Probably needless to say, but Verizon's alleged "tech support" was not helpful.

I continue to be able to connect via windows on my dev machine without any problems.


----------



## DutchDaemon (Jul 5, 2010)

What do you have in /etc/resolv.conf? And does [cmd=]dig http://www.google.com[/cmd] and [cmd=]dig ftp5.freebsd.org[/cmd] give you the correct IP adresses (and can you ping those by IP)?


----------



## Anonymous (Jul 5, 2010)

Oh, I should have mentioned that even trying to ping by IP address doesn't work; it's not that the nameserver isn't working.  

(Is there no editing feature here, or did I just time out?)


----------



## Anonymous (Jul 5, 2010)

DutchDaemon said:
			
		

> What do you have in /etc/resolv.conf? And does [cmd=]dig http://www.google.com[/cmd] and [cmd=]dig ftp5.freebsd.org[/cmd] give you the correct IP adresses (and can you ping those by IP)?



Thanks for responding!

I've the 2 nameservers' IPs in /etc/resolv.conf.  

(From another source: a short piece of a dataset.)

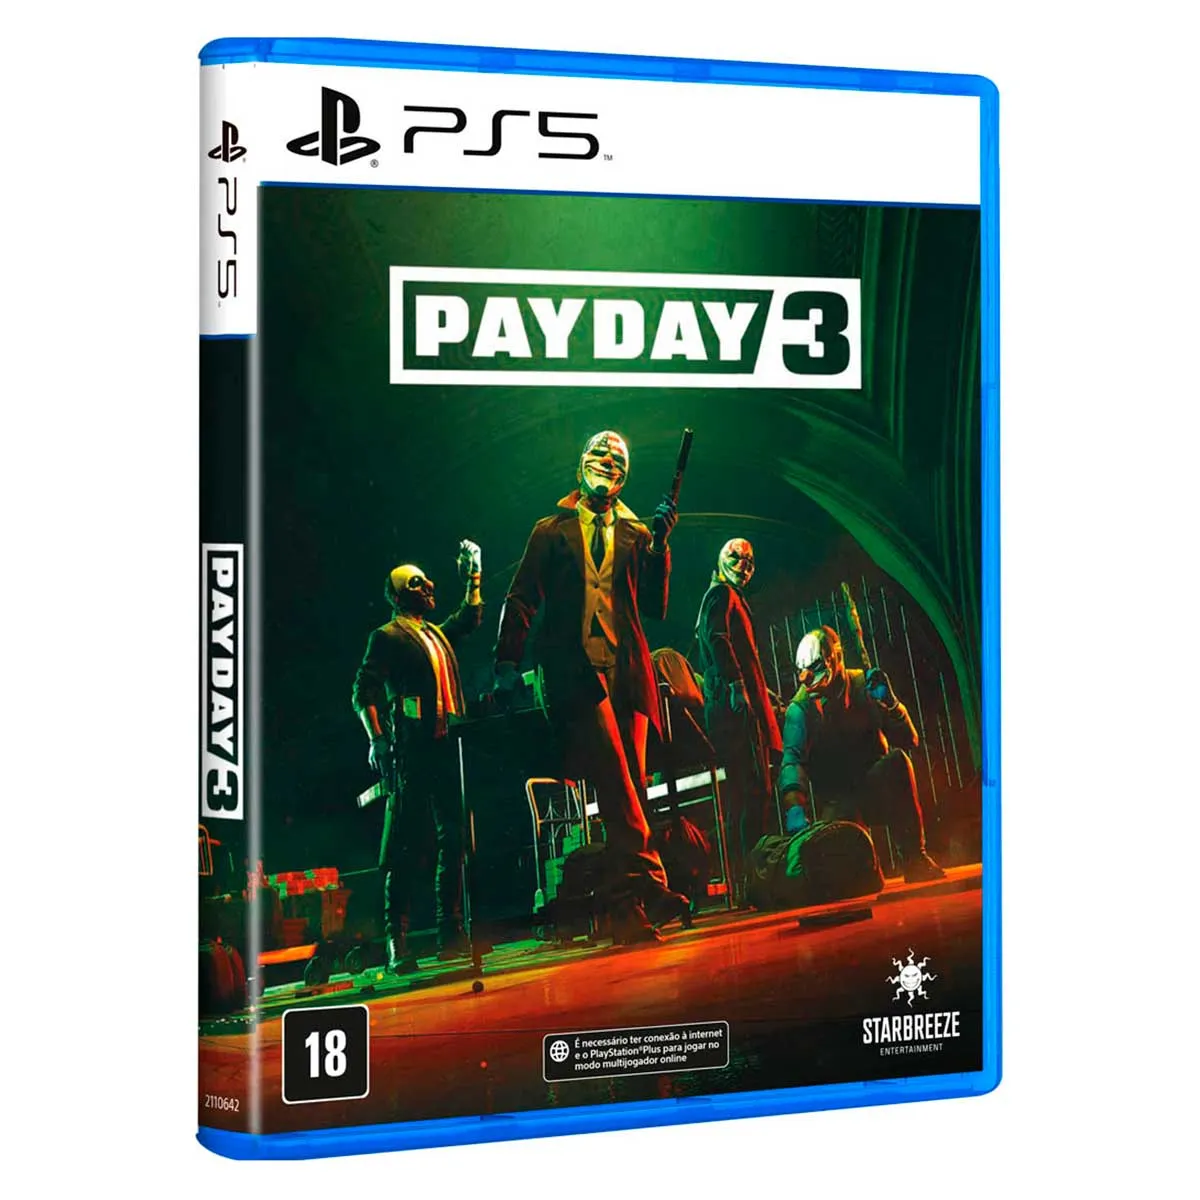 Pay Day 3 Ps5

In both cases, in the "answer" section, dig gives me the nameserver address rather than resolving the symbolic name (I've never used dig before, so I don't know what it's meant to do).  

And as I (belatedly!) mentioned, even by IP I can't ping anything but the nameservers and the upstream peer.


----------



## DutchDaemon (Jul 5, 2010)

You mean you don't get this?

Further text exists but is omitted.